[verdachte],
geboren op [geboortedatum] in [geboorteplaats],
wonende in [woonplaats],
thans gedetineerd in het huis van bewaring in Aruba.
Het onderzoek ter openbare terechtzitting heeft plaatsgevonden op 20 mei 2022. De verdachte is verschenen, bijgestaan door haar raadsvrouw, mr. D.G. Croes, advocaat in Aruba.
De officier van justitie, mr. E. Stevens, heeft ter terechtzitting vrijspraak gevorderd van hetgeen de verdachte onder 1 primair en 2 primair is ten laste gelegd.
Hij heeft verder gevorderd dat het Gerecht het onder 1 subsidiair en 2 subsidiair ten laste gelegde bewezen zal verklaren en de verdachte daarvoor zal veroordelen tot een gevangenisstraf voor de duur van vier (4) jaren, met aftrek van voorarrest.
De raadsvrouw heeft, conform de door haar overgelegde pleitnota, bepleit dat de verdachte zal worden vrijgesproken van de ten laste gelegde feiten.
Aan de verdachte is ten laste gelegd:
1. dat zij op een of meer tijdstippen in of omstreeks de periode van 26 augustus 2011 tot en met 25 augustus 2017 in Aruba, met haar kind, te weten [kind 1], geboren op [geboortedatum kind 1], die toen de leeftijd van twaalf jaren nog niet had bereikt, handelingen heeft gepleegd, die bestonden uit of mede bestonden uit het seksueel binnendringen van het lichaam van voornoemde [kind 1], hebbende zij verdachte, meermalen, althans eenmaal
- de penis van die [kind 1] gezogen en/of
- die [kind 1]de vagina van verdachte doen likken/zuigen en/of
- die [kind 1] de vagina van zijn minderjarige zus doen likken/zuigen en/of
- de penis van die [kind 1] doen zuigen door de minderjarige zus van die [kind 1] en/of
- haar tong in de mond van die [kind 1] gestopt;
althans indien ten aanzien van het vorenstaande geen veroordeling mocht kunnen volgen
dat zij op een of meer tijdstippen in of omstreeks de periode van 26 augustus 2011 tot en met 25 augustus 2017 in Aruba, (telkens) ontucht heeft gepleegd met haar kind, te weten [kind 1], geboren op [geboortedatum kind 1], door meermalen, althans eenmaal (telkens)

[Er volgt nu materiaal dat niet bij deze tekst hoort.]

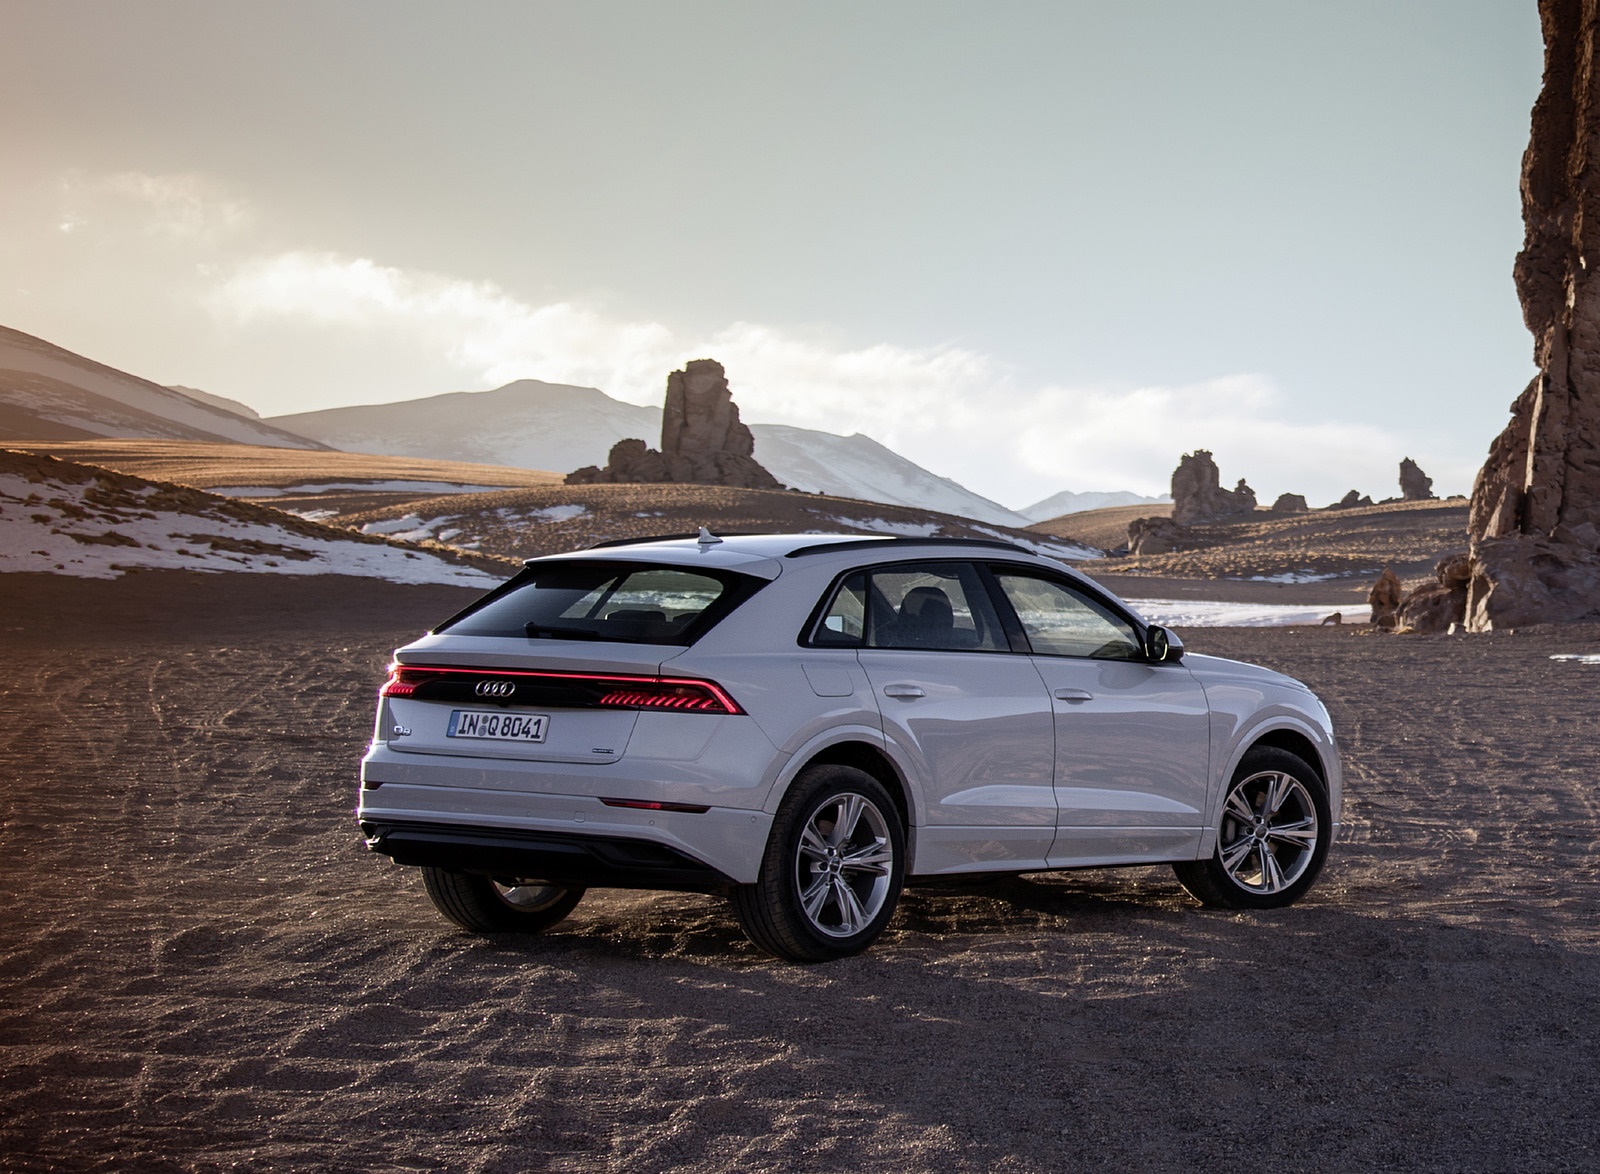 2019 Audi Q8 (Color: Glacier White) Rear Three-Quarter Wallpapers #202 of 260

- de penis van die [kind 1] te zuigen en/of
- die [kind 1] de vagina van verdachte te doen likken/zuigen en/of
- die [kind 1] de vagina van zijn minderjarige zus te doen likken/zuigen en/of
- de penis van die [kind 1] te doen zuigen door de minderjarige zus van die [kind 1] en/of
- haar tong in de mond van die [kind 1] te stoppen;
2. dat zij op een of meer tijdstippen in of omstreeks de periode van 26 augustus 2011 tot en met 25 augustus 2017 in Aruba, met haar kind, te weten [kind 2], geboren op [geboortedatum kind 2], die toen de leeftijd van twaalf jaren nog niet had bereikt, handelingen heeft gepleegd, die bestonden uit of mede bestonden uit het seksueel binnendringen van het lichaam van voornoemde [kind 2], hebbende zij verdachte, meermalen, althans eenmaal
- de vagina van die [kind 2] gezogen en/of
- die [kind 2] de vagina van verdachte doen likken/zuigen en/of
- die [kind 2] de penis van haar minderjarige broer doen likken/zuigen en/of
- de vagina van die [kind 2] doen likken/zuigen door de minderjarige broer van die [kind 2];
althans indien ten aanzien van het vorenstaande geen veroordeling mocht kunnen volgen
dat zij op een of meer tijdstippen in of omstreeks de periode van 26 augustus 2011 tot en met 25 augustus 2017 in Aruba, (telkens) ontucht heeft gepleegd met haar kind, te weten [kind 2], geboren op [geboortedatum kind 2], door meermalen, althans eenmaal (telkens)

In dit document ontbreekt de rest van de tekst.